The sharp eyed viewers will see that each file as an extra byte comparing to the original files. I couldn’t find the reason for this, but the files seem to be still usable. Here are the files in Linux GUI:
hdfs dfs -copyToLocal /flume/incoming/FlumeData* /home/hdfs
From the application’s perspective this is a good method as the files reach HDFS in the same way they are stored on the source server and they are ready to use without any further actions.
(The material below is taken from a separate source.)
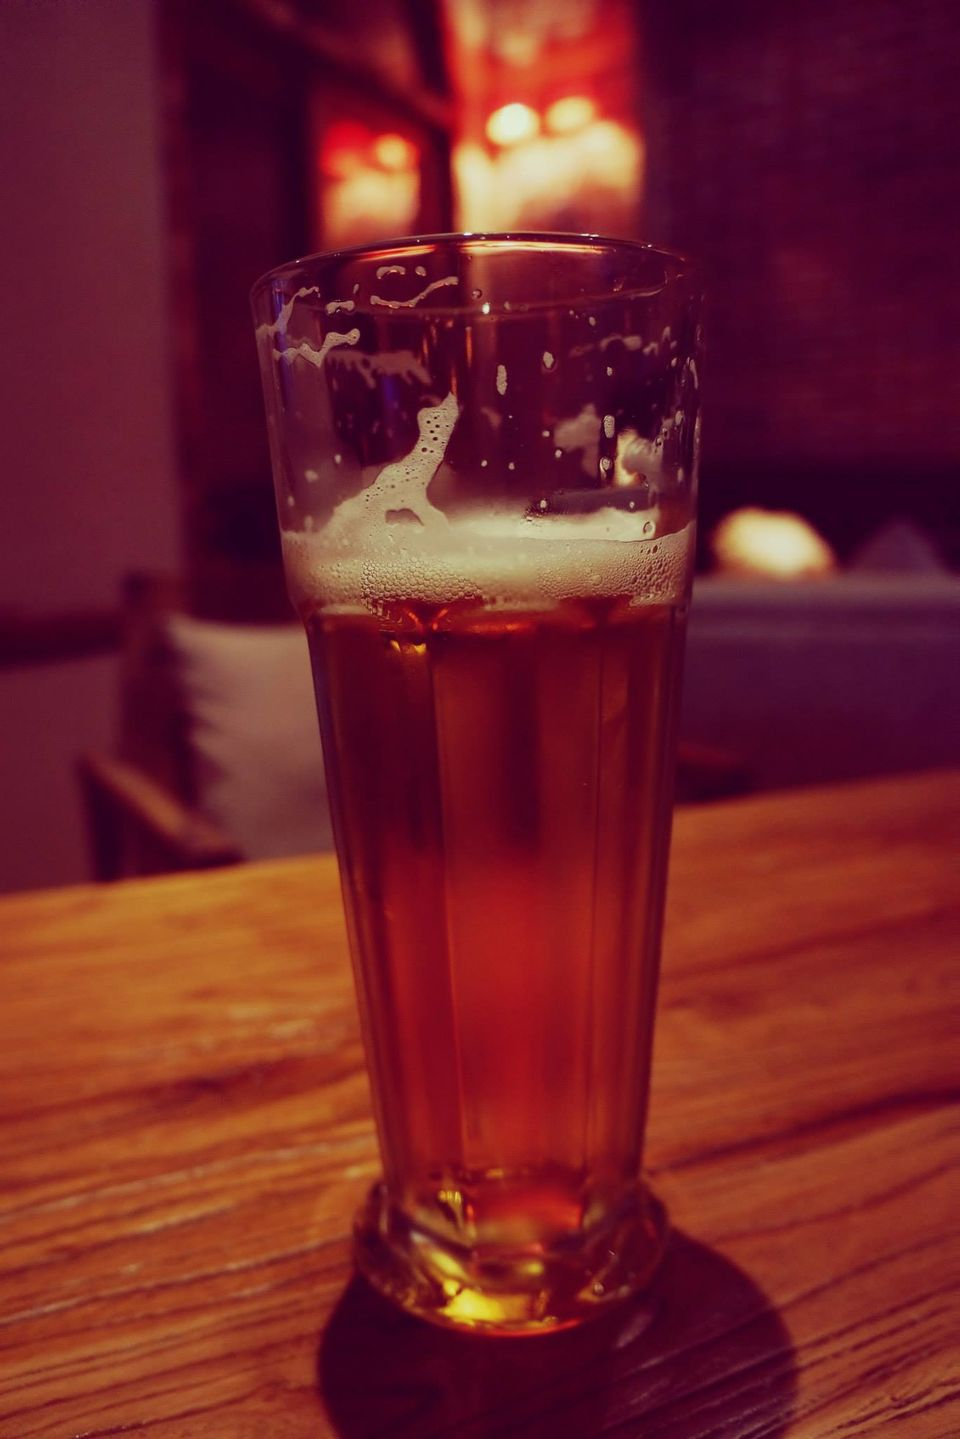 Beer Tour of North Korea - Tripoto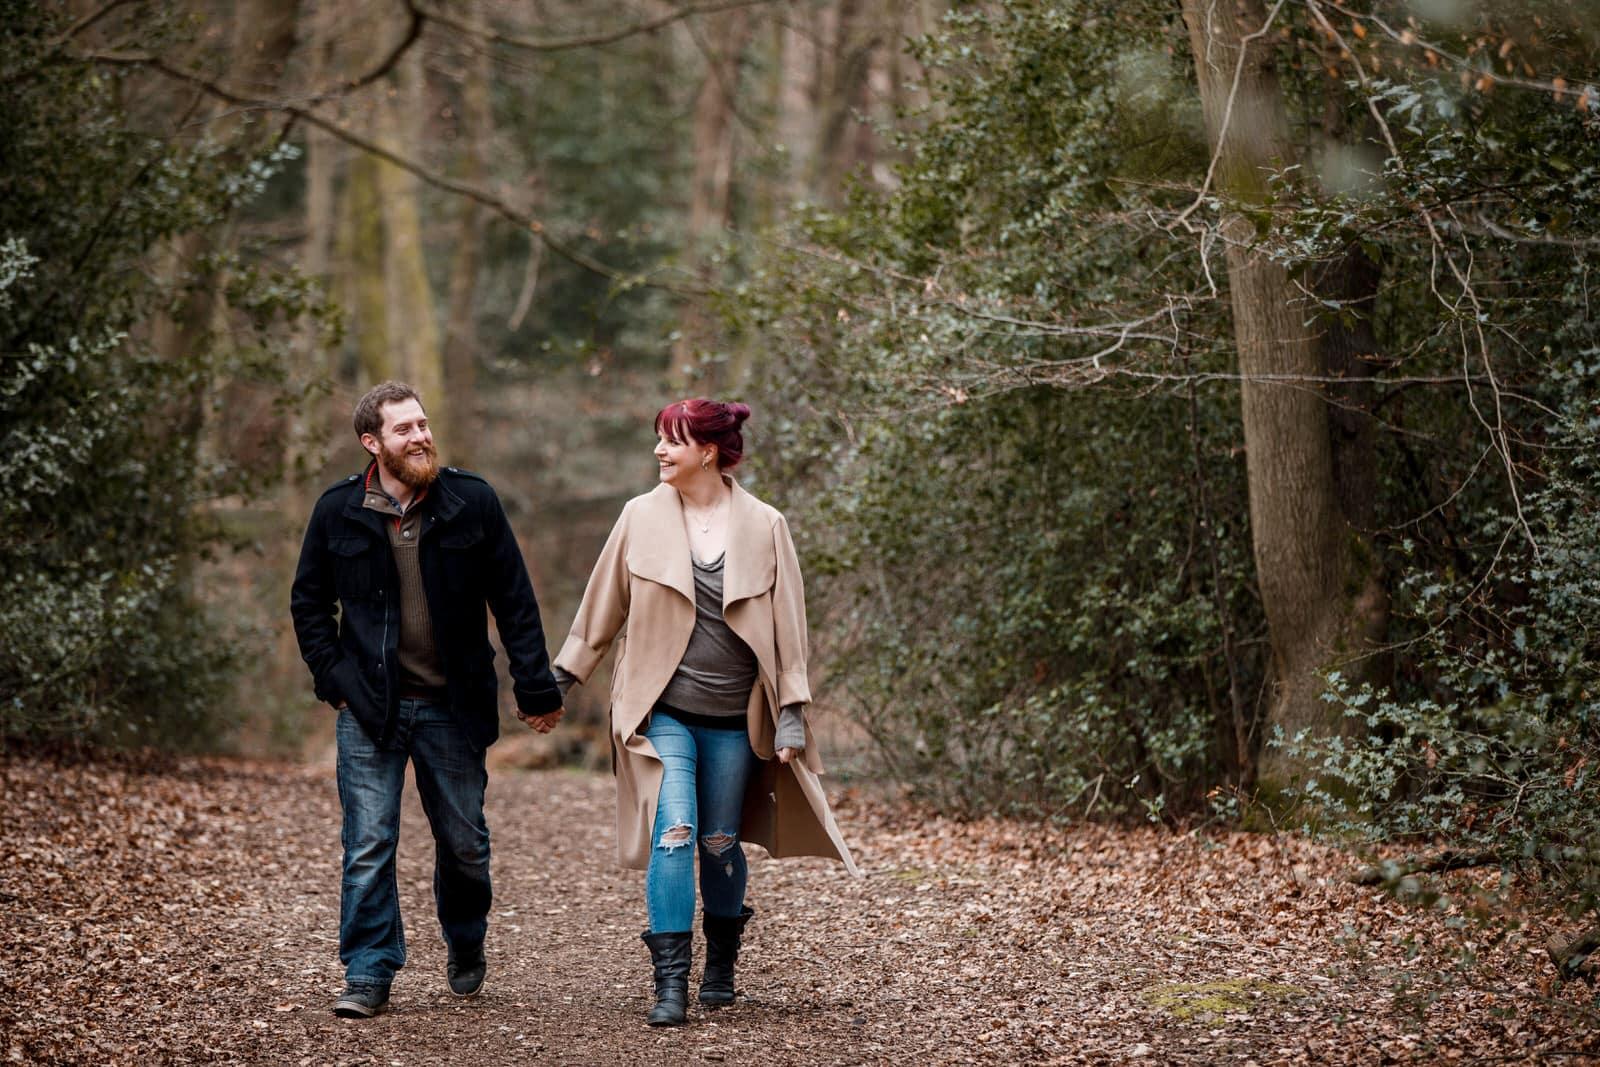 pre-wedding photography in Burnham Beeches

From the storage perspective, HDFS is optimized for much larger files. So if you have lots of files it is better to use avro sink to group image files to larger avro files. You will then have to write your own code that deserializes the avro files and extracts the individual images before you run any computations on them. We will try this technique in a another post.